Read more: An Introduction To Rendering For SEO

Interaction to Next Paint (INP)

Google has introduced Interaction to Next Paint (INP) as a more comprehensive measure of user experience, succeeding First Input Delay. While FID measures the time from when a user first interacts with your page (e.g., clicking a link, tapping a button) to the time when the browser is actually able to begin processing event handlers in response to that interaction. INP, on the other hand, broadens the scope by measuring the responsiveness of a website throughout the entire lifespan of a page, not just first interaction.
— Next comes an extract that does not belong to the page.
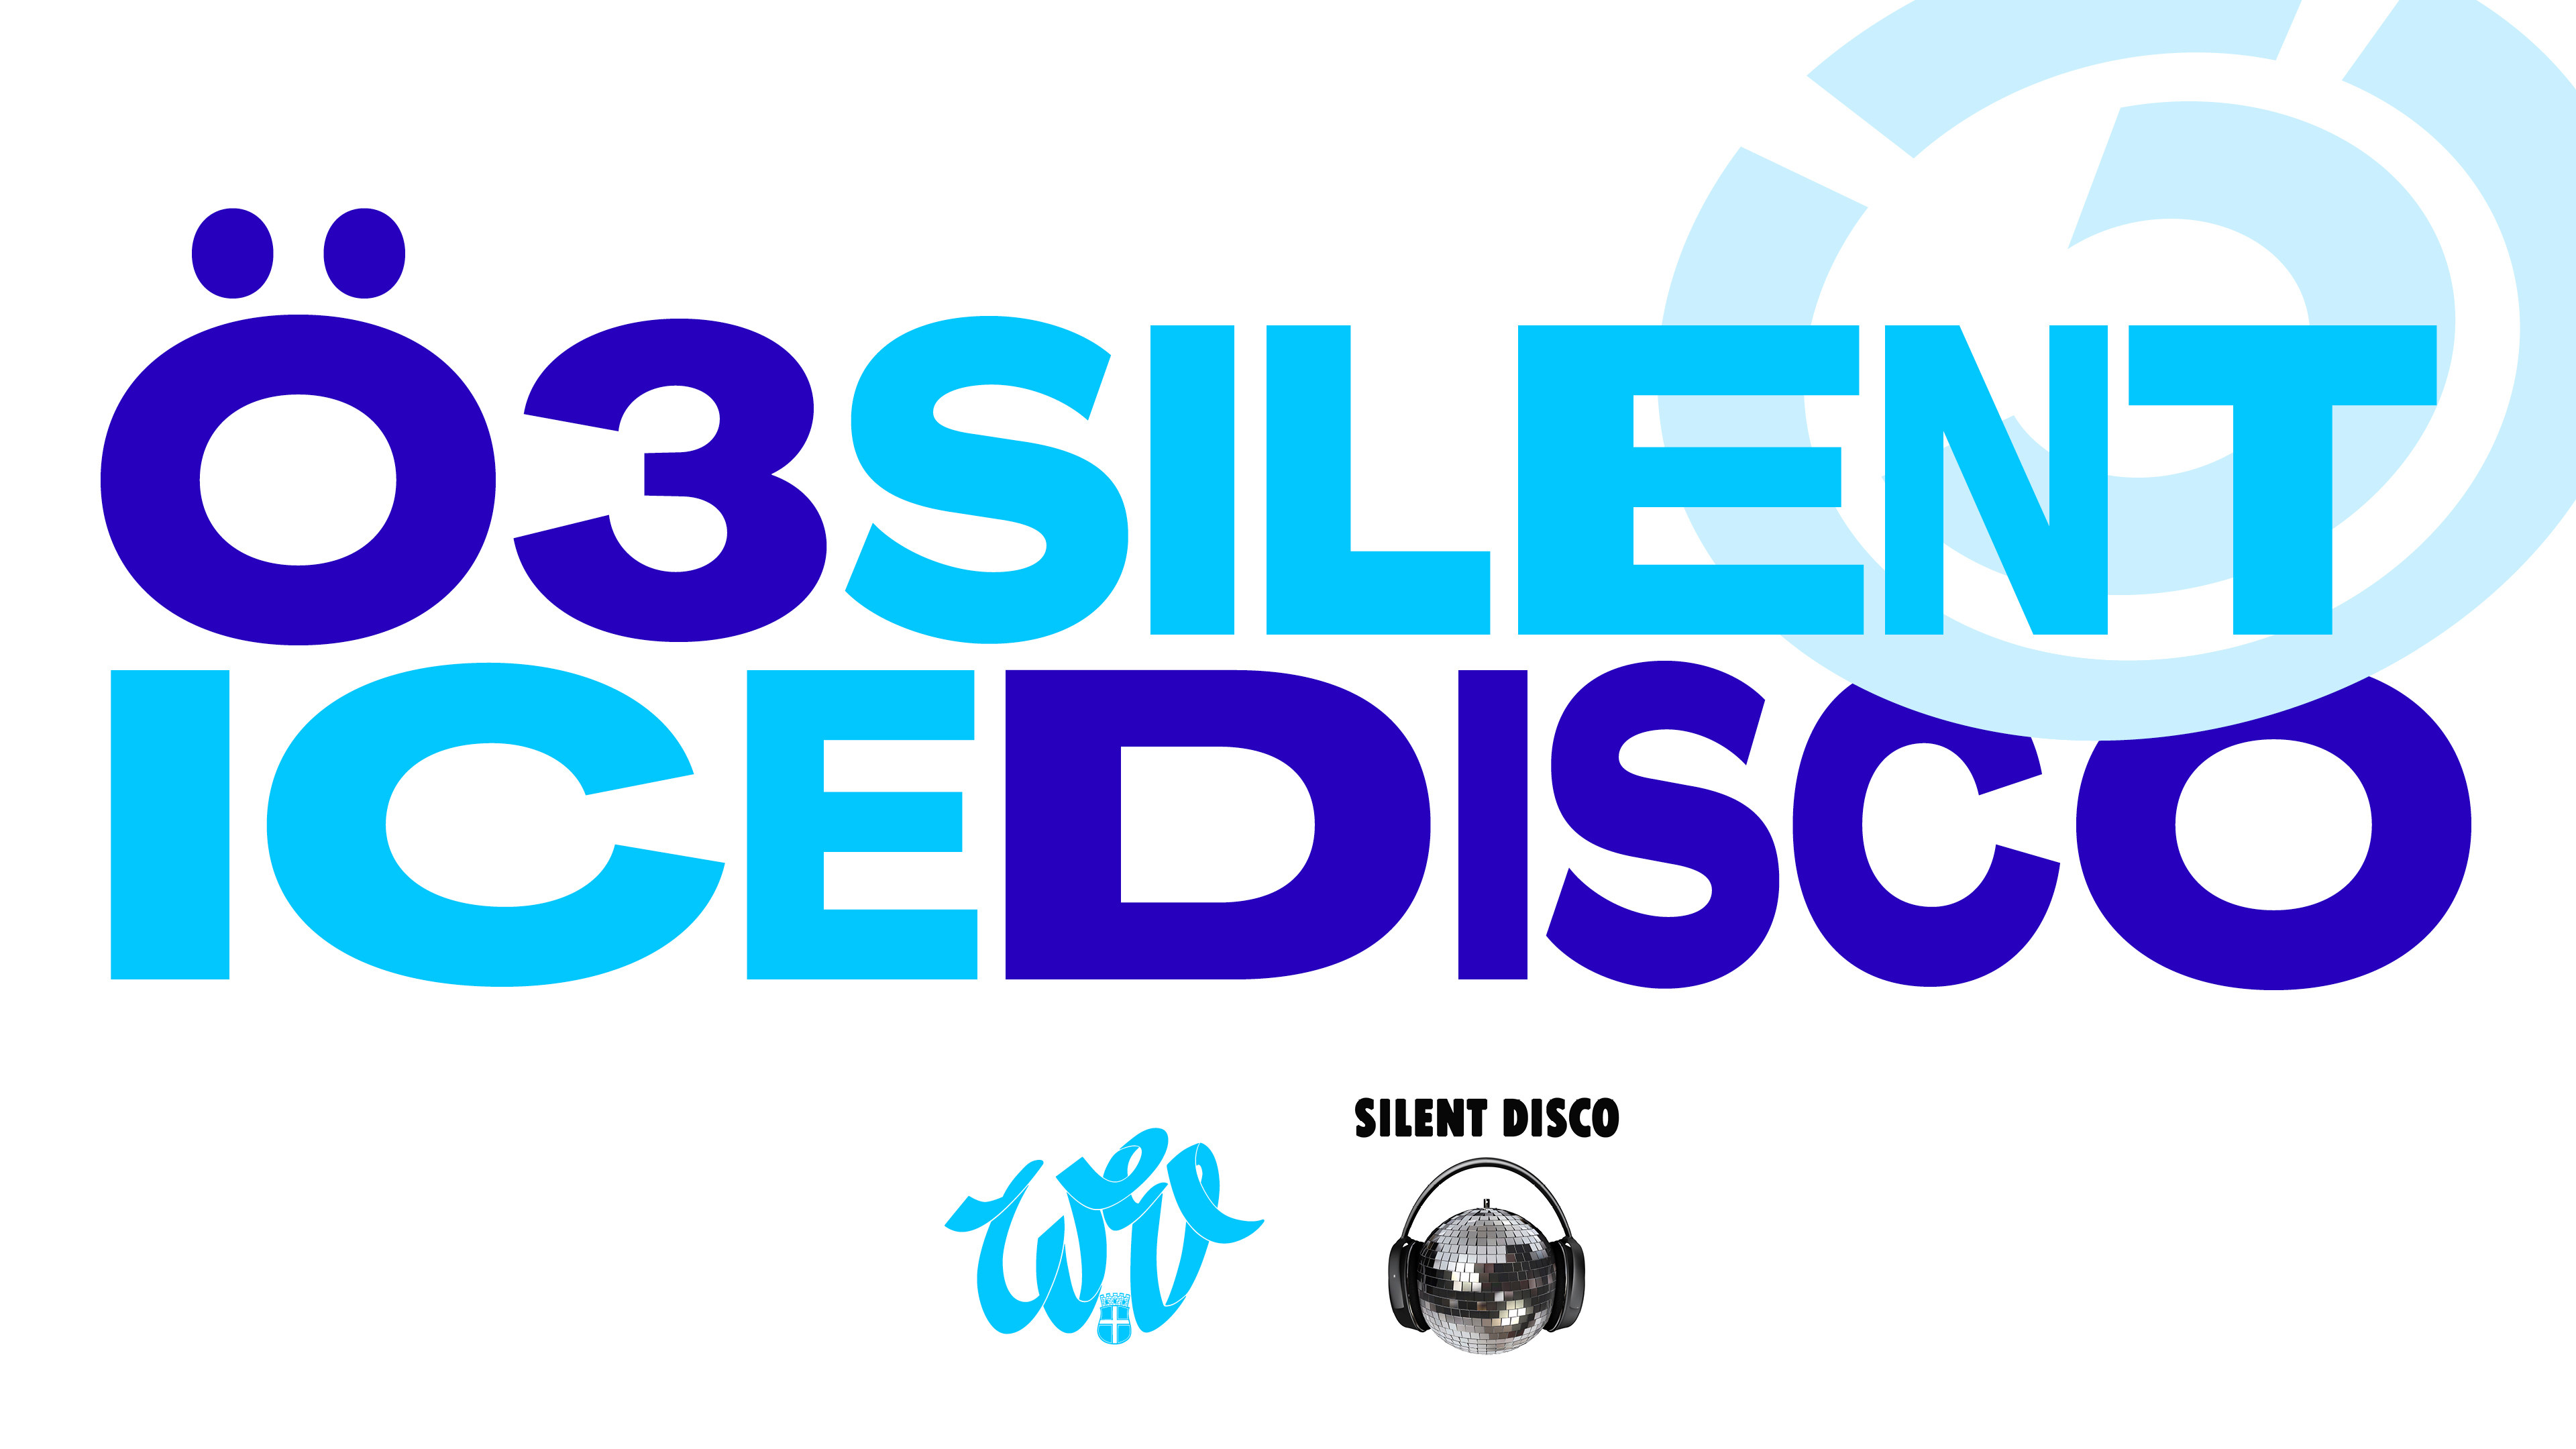 Ö3 Silent Disco

Note that actions such as hovering and scrolling do not influence INP, however, keyboard-driven scrolling or navigational actions are considered keystrokes that may activate events measured by INP but not scrolling which is happeing due to interaction.

Scrolling may indirectly affect INP, for example in scenarios where users scroll through content, and additional content is lazy-loaded from the API. While the act of scrolling itself isn’t included in the INP calculation, the processing, necessary for loading additional content, can create contention on the main thread, thereby increasing interaction latency and adversely affecting the INP score.

What qualifies as an optimal INP score?

  • An INP under 200ms indicates good responsiveness.
  • Between 200ms and 500ms needs improvement.
  • Over 500ms means page has poor responsiveness.

and these are common issues causing poor INP scores:

  1. Long JavaScript Tasks: Heavy JavaScript execution can block the main thread, delaying the browser’s ability to respond to user interactions. Thus break long JS tasks into smaller chunks by using scheduler API.
  2. Large DOM (HTML) Size: A large DOM ( starting from 1500 elements) can severely impact a website’s interactive performance. Every additional DOM element increases the work required to render pages and respond to user interactions.
  3. Inefficient Event Callbacks: Event handlers that execute lengthy or complex operations can significantly affect INP scores. Poorly optimized callbacks attached to user interactions, like clicks, keypress or taps, can block the main thread, delaying the browser’s ability to render visual feedback promptly. For example when handlers perform heavy computations or initiate synchronous network requests such on clicks.

and you can troubleshoot INP issues using free and paid tools.

As a good starting point I would recommend to check your INP scores by geos via treo.sh which will give you a great high level insights where you struggle with most.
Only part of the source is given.